Highlights
- A lawsuit has been filed against American Singer Katy Perry.
- Australian designer Katie Jane Taylor, with her maiden name Katie Perry, has alleged that the American pop star has infringed her trademark.
- The case will be heard in the Federal Court on Wednesday.
‘I Kissed A Girl’ singer Katy Perry may be a global figure with a huge fan following on social media platforms, but here is an Aussie fashion designer who will be confronting the American singer in the Court. It all started after the Sydney-based Designer Katie Jane Taylor, with her maiden name, Katie Perry, decided to sue the singer in the Federal Court over the alleged sale of clothes under the designer's trademark, which constitutes trademark infringement.
As per media reports, in the year 2007, Katie Perry launched her luxury loungewear brand after her name.
Perry reportedly stated that in 2009 she received certain legal documents asking her to stop the sale of stop clothes, stop her website and stop any advertising material. The designer added that following this she believed that she was going to lose everything because she had the trademark for Katie Perry clothes.
Katie had the trademark for her clothes since 2008, the same year when the singer, whose real name is Katheryn Elizabeth Hudson, rose to fame with her popular song 'I Kissed A Girl.'
Taylor, a mother of two, has alleged before the Federal Court that the pop star breached her trademark from at least 2013 by selling merchandise at not only concerts but also concerts with a mark "substantially identical to, or deceptively similar to" her own.

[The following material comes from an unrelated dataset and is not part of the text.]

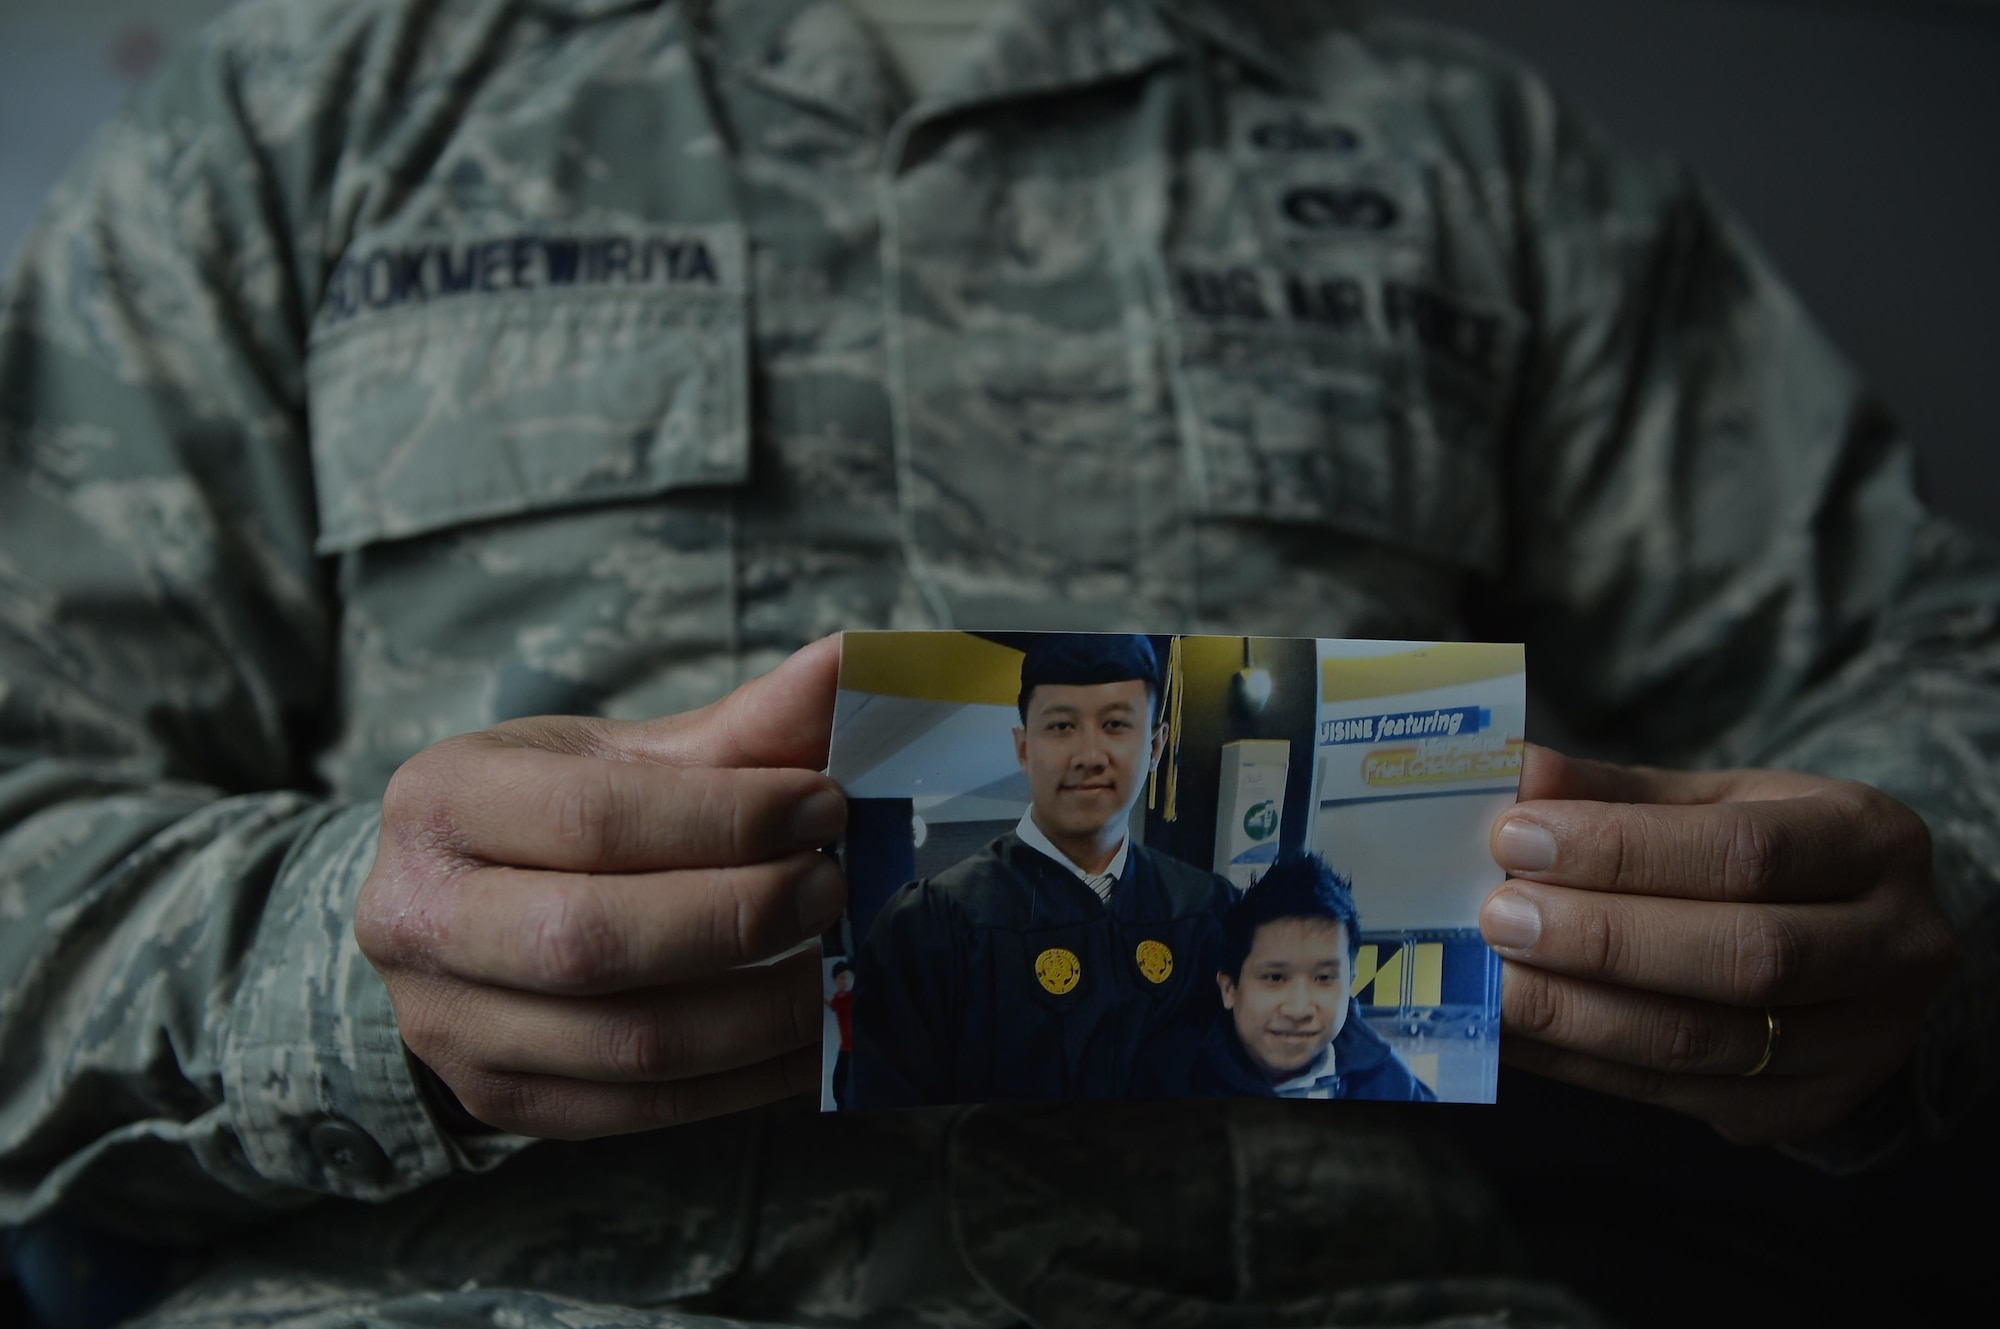 Staff Sgt. Srun Sookmeewiriya, 313th Expeditionary Operations Support Squadron NCO in charge of reports, holds up a picture of him and his younger brother, Thana, on Ramstein Air Base, Germany, Feb. 16, 2017. Sookmeewiriya, who attempted to commit suicide twice, draws inspiration from his brother to remain resilient and encourages Airmen to open up about their struggles. (U.S. Air Force photo by Airman 1st Class Joshua Magbanua)

After the issue reached the Court, the American singer subsequently launched a cross-claim seeking cancellation of Taylor's trademark.
On Tuesday, when the Court sat for the second time to hear the case, Perry's solicitor, Matthew Darke SC, noted that the designer took Perry's story to the media in 2009 because of the singer's reputation. Darke held that the designer was deliberately trying to ignore some things related to this matter to save herself.
The designer told the Court that she was in survival mode as she was thinking about her business and survival, not the singer.
The Court will now hear the case on Wednesday.